■ Dataset excerpt ■
▬▬▬▬▬▬

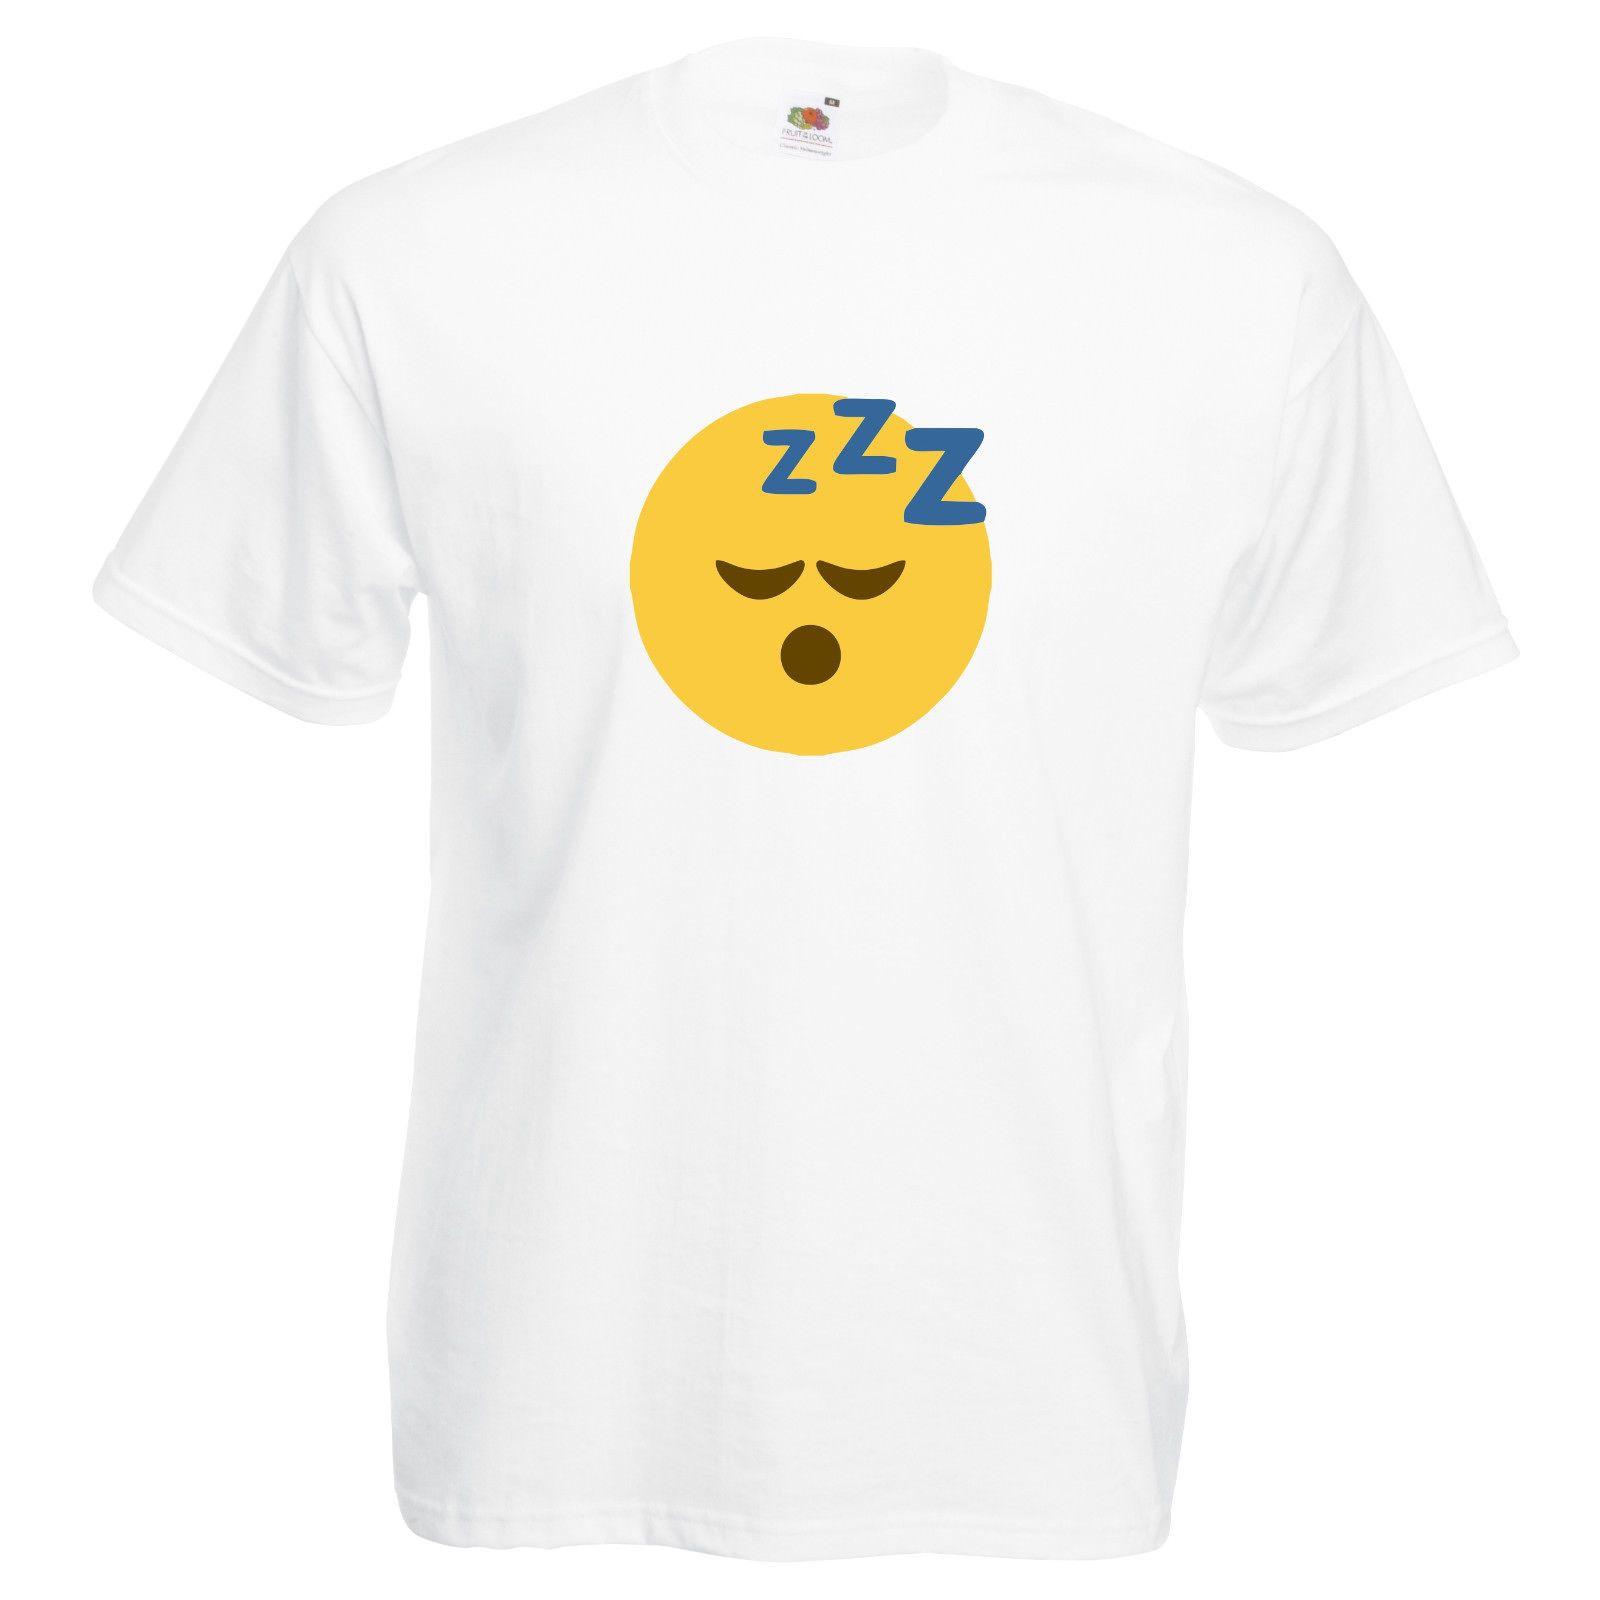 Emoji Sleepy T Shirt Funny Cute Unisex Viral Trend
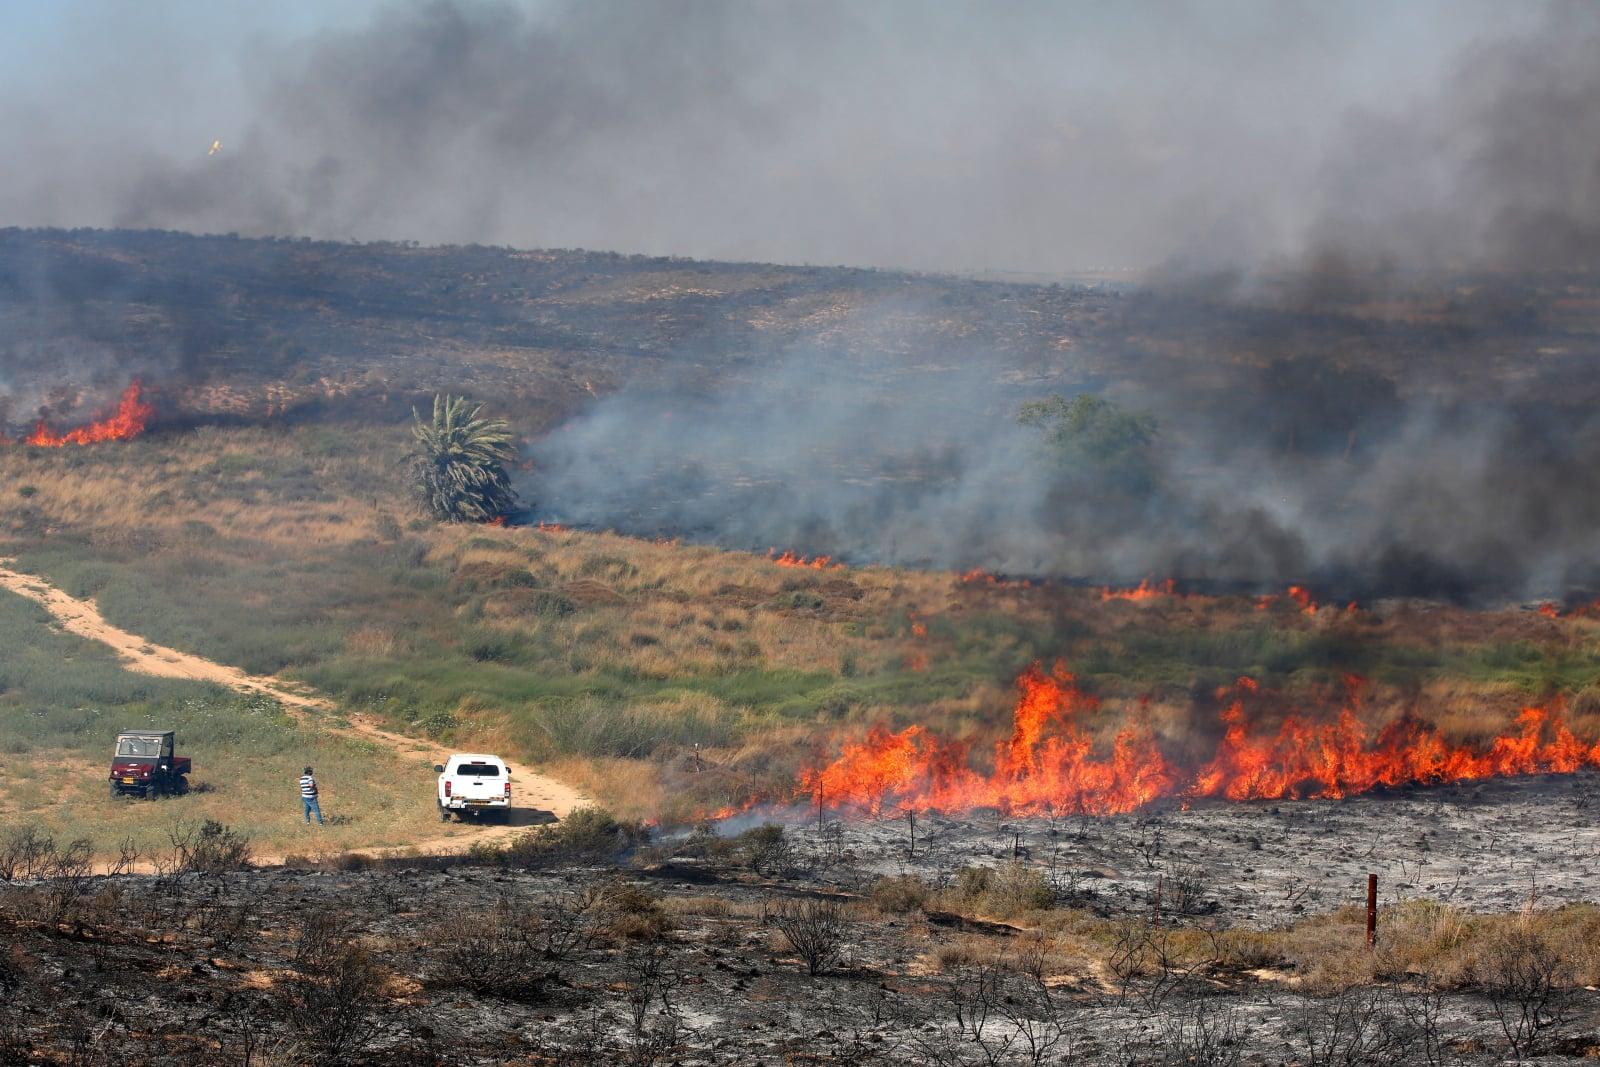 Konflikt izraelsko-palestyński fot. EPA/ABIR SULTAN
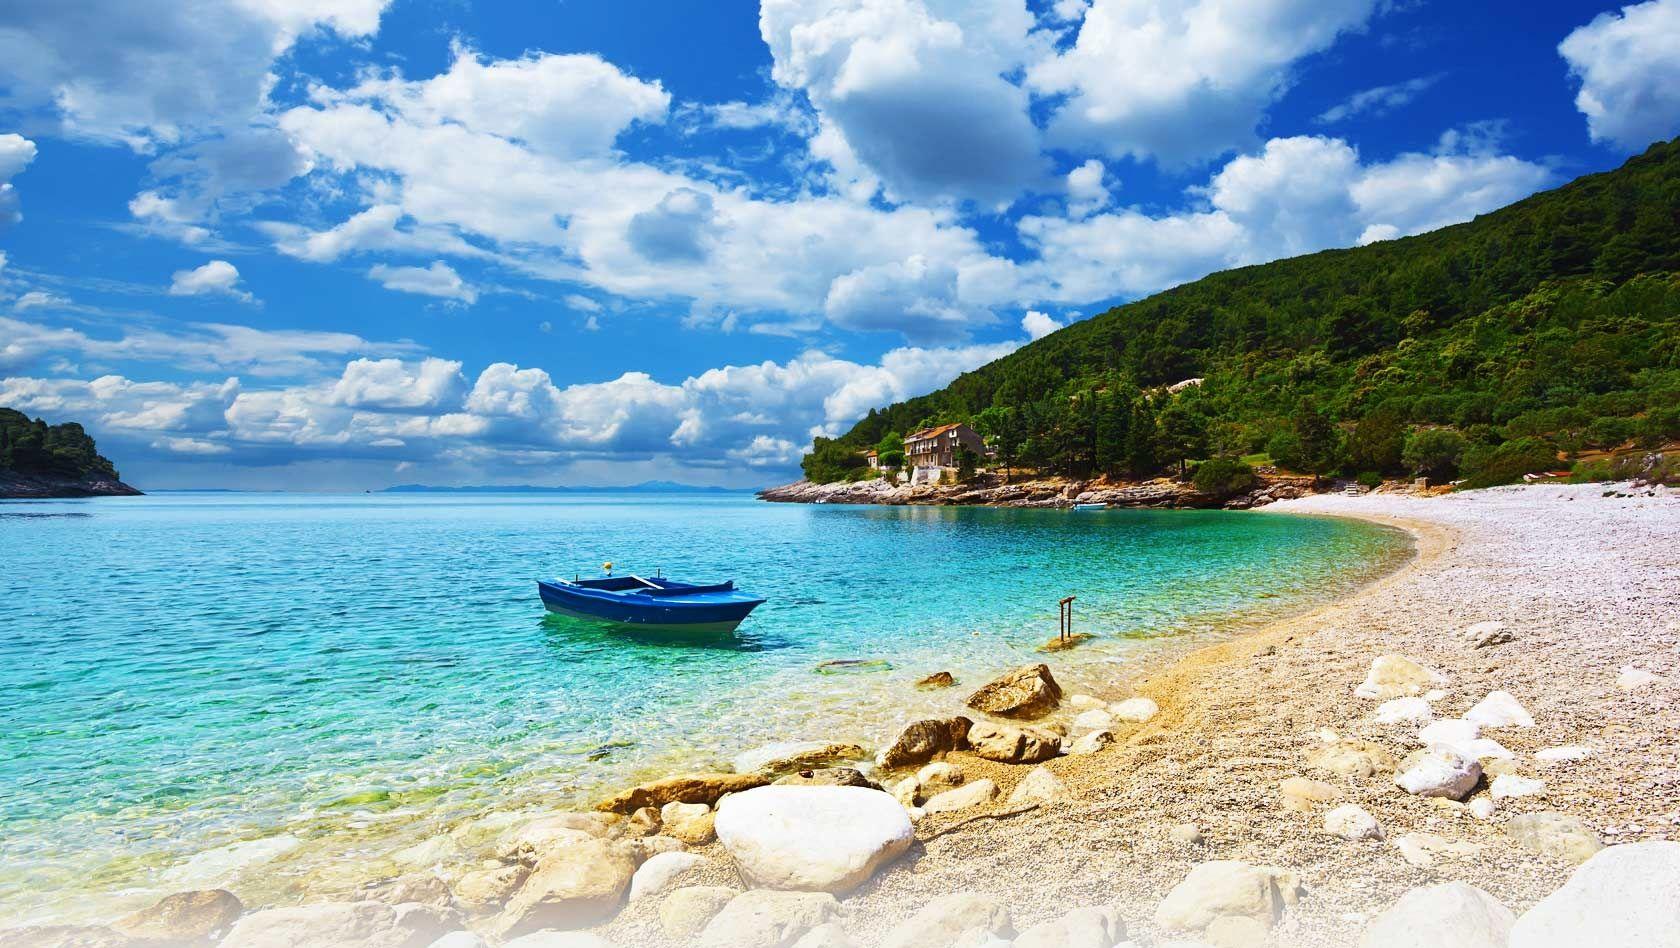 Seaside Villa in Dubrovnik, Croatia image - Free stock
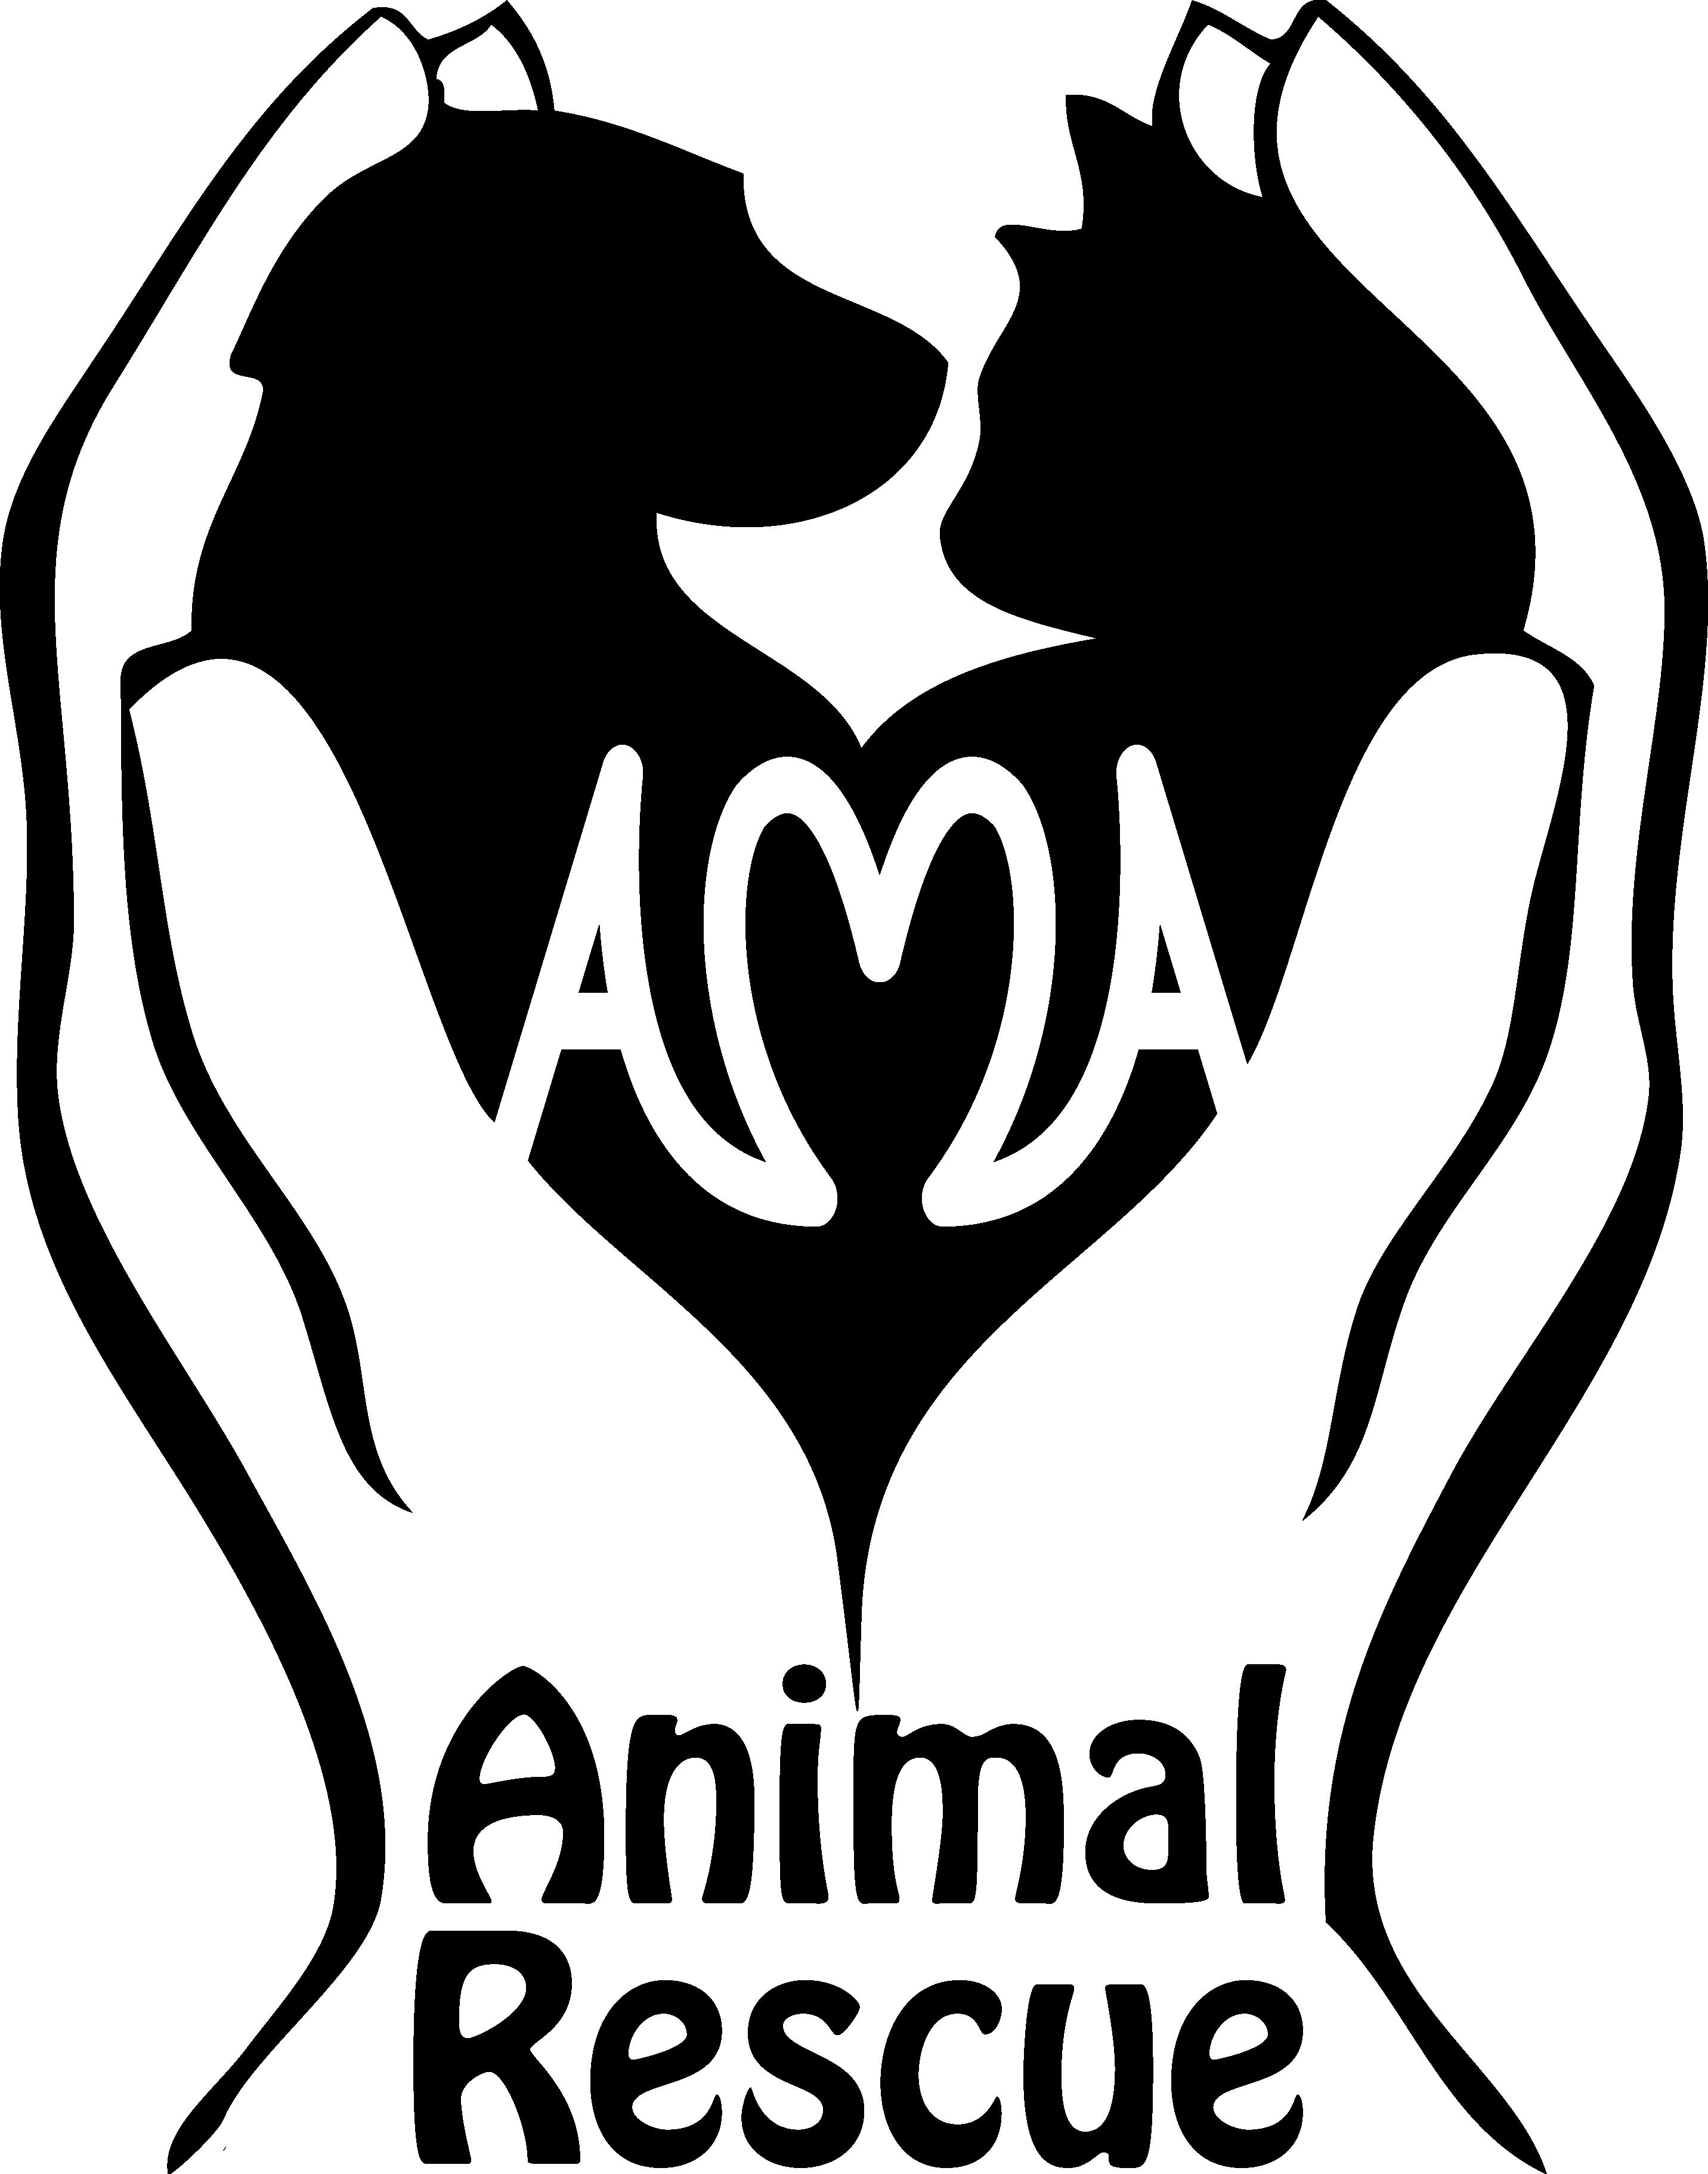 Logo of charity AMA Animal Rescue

▬▬▬▬▬▬

■ Instructions to follow ■
Everything from the line containing "Konflikt izraelsko-palestyński fot." through the final line of the material must be set down exactly, except the pictures.

■ Task answer ■
 Konflikt izraelsko-palestyński fot. EPA/ABIR SULTAN
 Seaside Villa in Dubrovnik, Croatia image - Free stock
 Logo of charity AMA Animal Rescue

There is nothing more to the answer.